- Stored data
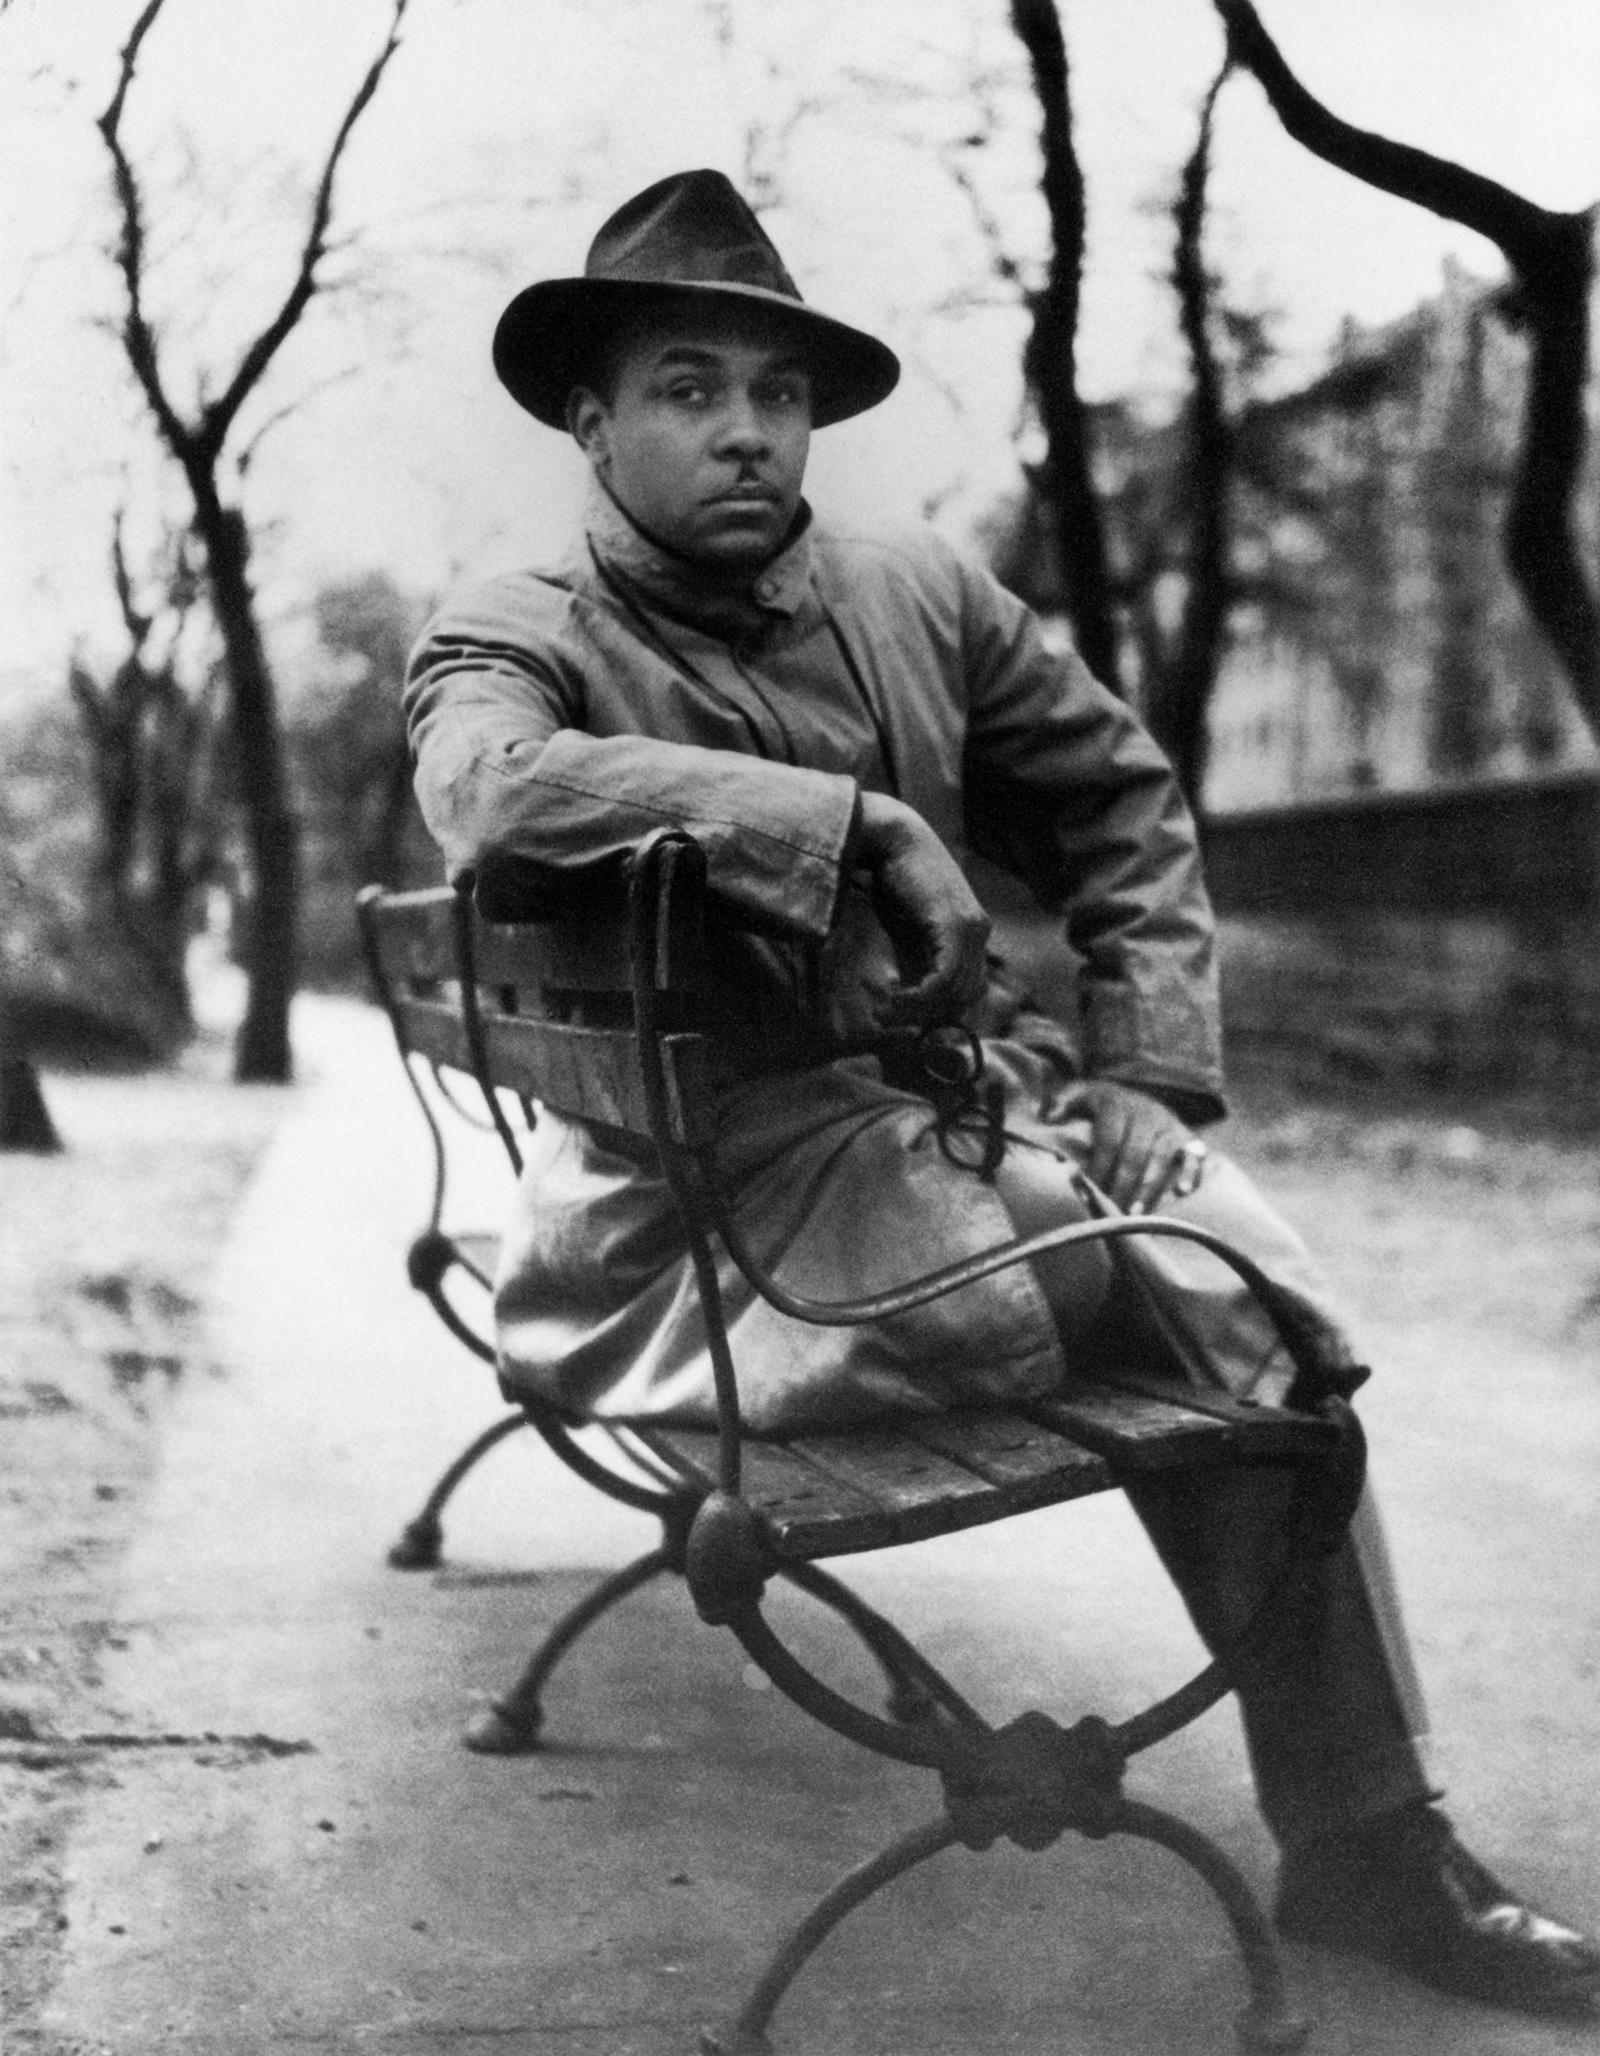 Ralph Ellison, Harlem, New York, 1947; photograph by Gordon Parks
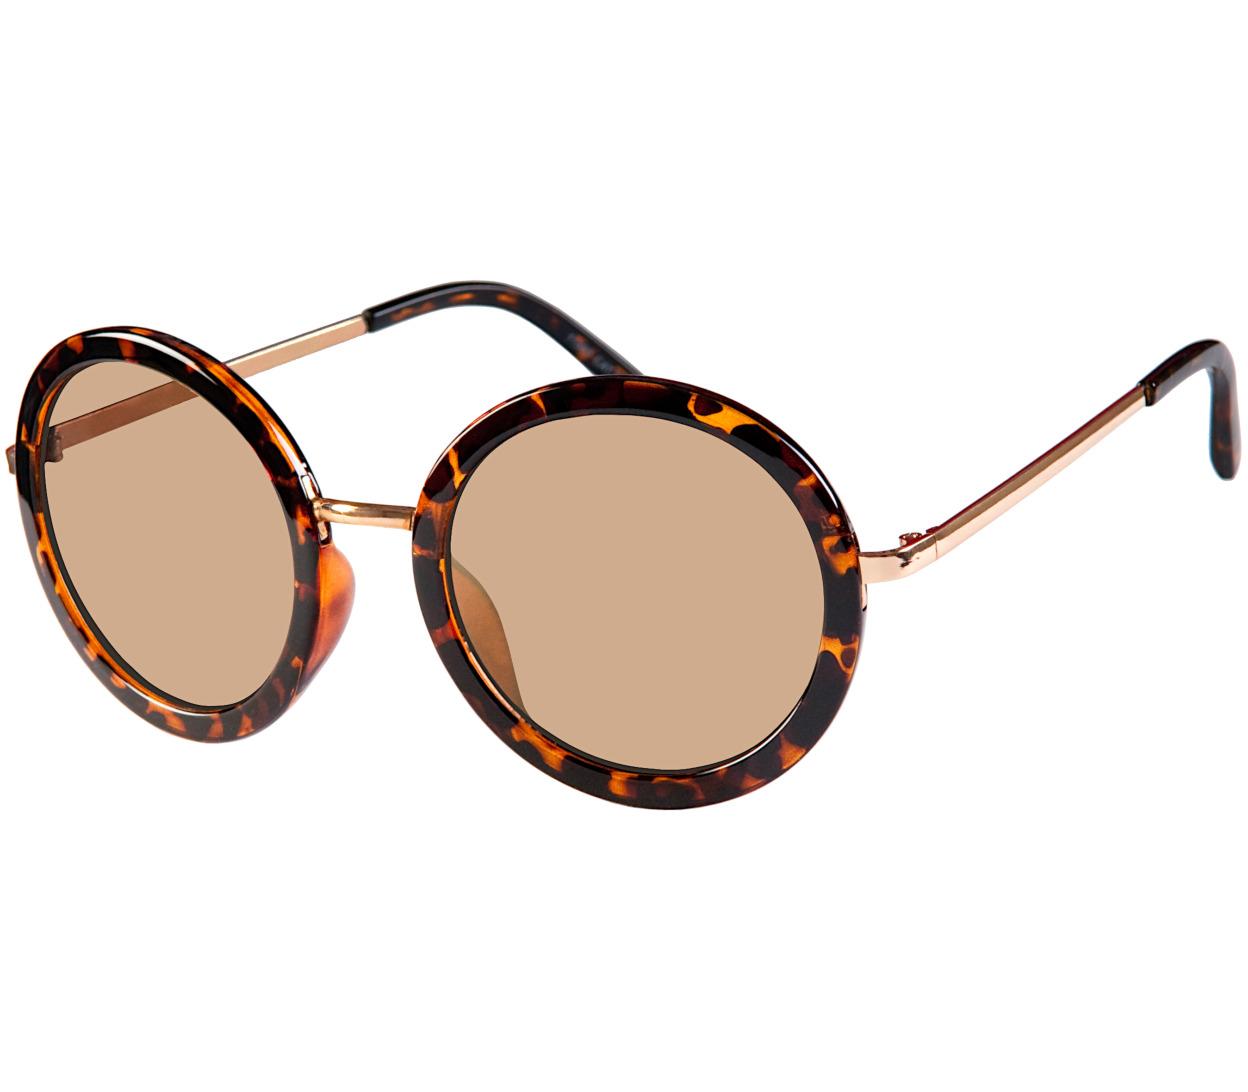 Main Image (Angle) - Rose (Tortoiseshell) Retro Sunglasses
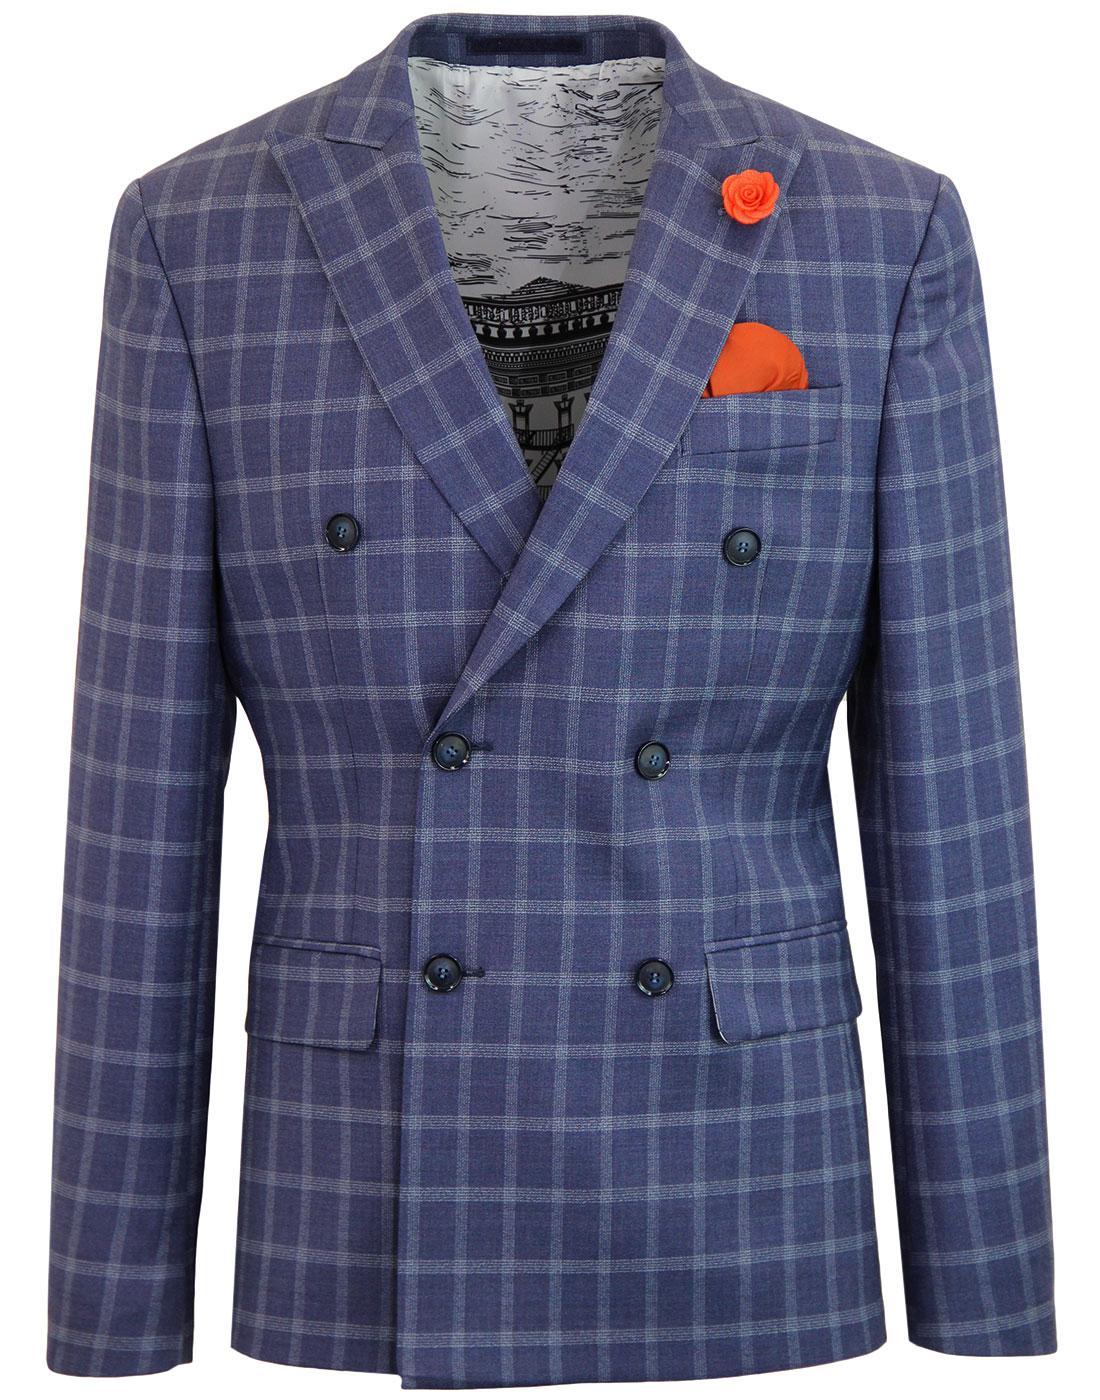 Men's Retro Mod Check Double Breasted Suit Blazer

- Prompt
Leave the images out. Set down all of the material above exactly.

- Response to the task
 Ralph Ellison, Harlem, New York, 1947; photograph by Gordon Parks
 Main Image (Angle) - Rose (Tortoiseshell) Retro Sunglasses
 Men's Retro Mod Check Double Breasted Suit Blazer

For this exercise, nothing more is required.